Ifnb stimulated integration task
- main goal: evaluate the performance of different integration methods for an integration analysis involving different biological conditions.
- learning objectives: joint and integrative scRNA-seq data analysis with Seurat.
- data (ifnb.rds): a Seurat R object of two human PBMCs data sets - resting/control and interferon-stimulated - retrieved from the R package SeuratData (v.0.2.2.9001).
- R markdown notebook: 02_ifnb_stimulated_task.Rmd
- vignette: 02_ifnb_stimulated_task.html
- estimated computing time: <4 min
- estimated memory: <8 GB

Cell lines integration task
- main goal: evaluate the performance of different integration methods for the integration of cell lines with different proportions.
- learning objectives: joint and integrative scRNA-seq data analysis with Seurat.
- data (jurkat.rds): a Seurat R object comprising three data sets - Jurkat, HEK293T and Jurkat:HEK293T (50:50) - retrieved from 10X genomics and published by Zheng et al., 2017.
- R markdown notebook: 03_cell_lines_task.Rmd
- vignette: 03_cell_lines_task.html
- estimated computing time: <4 min
- estimated memory: <8 GB

COVID reference-mapping task
- main goal: learn how to perform and evaluate reference-mapping analysis of scRNA-seq data.
- learning objectives: perform and evaluate reference-mapping of scRNA-seq data with Seurat and Azimuth.
- data (covid.rds): a Seurat R object of a COVID-19 PBMCs data set from Guo et al., 2020 retrieved from cziscience
- R markdown notebook: 04_covid_refmap_task.Rmd
- vignette: 04_covid_refmap_task.html
- estimated computing time: <4 min
- estimated memory: <8 GB

The course material for these projects can be found in the following GitHub repository (under the folder course): https://github.com/elolab/Hitchhikers_Guide_scRNAseq_course.

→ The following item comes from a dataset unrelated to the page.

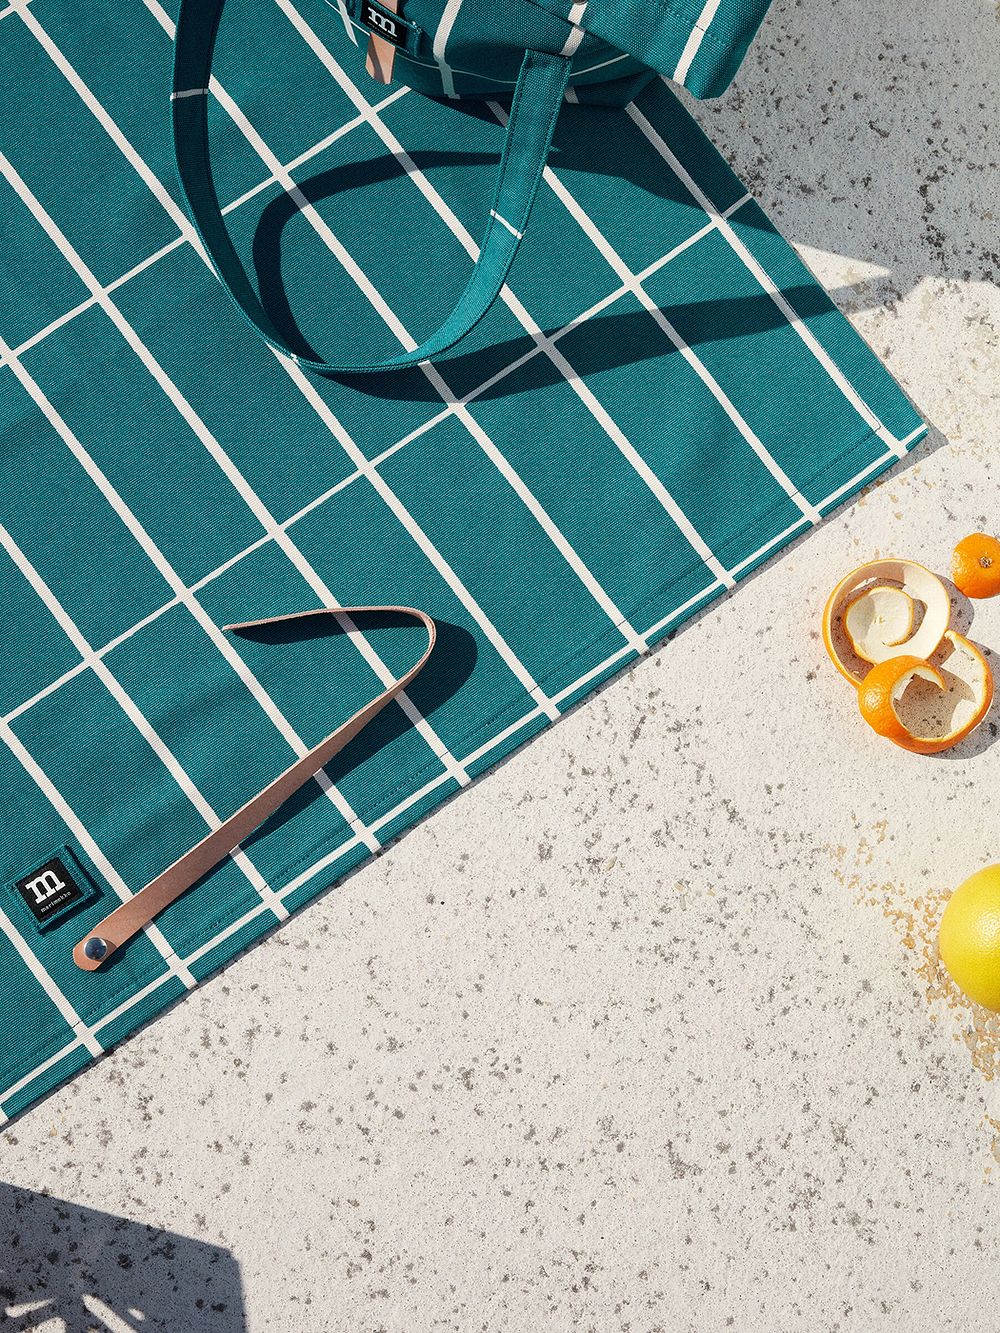 Marimekko's Tiiliskivi picnic mat

Download the GitHub repository by typing in the terminal: git clone https://github.com/elolab/Hitchhikers_Guide_scRNAseq_course.git

Alternatively download the GitHub repository by clicking under the Download ZIP icon (decompress the folder).

All the data used has been deposited as Seurat R objects in Zenodo: https://doi.org/10.5281/zenodo.12620772.

Software requirements

The following software is required in order to reproduce the analyses comprised in the notebooks above (check first if you have these packages installed before try to installing them):

R programming language (>=v.4.1.0): https://www.r-project.org/

RStudio (v.1.4.1717© 2009-2021 RStudio, PBC - any version): https://posit.co/download/rstudio-desktop/

Seurat (v.5.1.0): https://satijalab.org/seurat/articles/install_v5
- command: install.packages("Seurat")

remotes (v.2.5.0 - any version): https://cran.r-project.org/web/packages/remotes/index.html
- command: install.packages("remotes")

SeuratWrappers (v.0.3.2): https://github.com/satijalab/seurat-wrappers
- command: remotes::install_github("satijalab/seurat-wrappers", quiet = TRUE)

Azimuth (v.0.5.0): https://github.com/satijalab/azimuth
- command: remotes::install_github("satijalab/azimuth", quiet = TRUE)

patchwork (>=v.1.2.0): https://patchwork.data-imaginist.com
- command: install.packages("patchwork")

dplyr (>=v.1.1.4): https://dplyr.tidyverse.org
- command: install.packages("dplyr")

scIntegrationMetrics (v.1.1): https://github.com/carmonalab/scIntegrationMetrics
- command: remotes::install_github("carmonalab/scIntegrationMetrics")

ComplexHeatmap (v.2.15.4 - any version): https://jokergoo.github.io/ComplexHeatmap-reference/book
- command: remotes::install_github("jokergoo/ComplexHeatmap")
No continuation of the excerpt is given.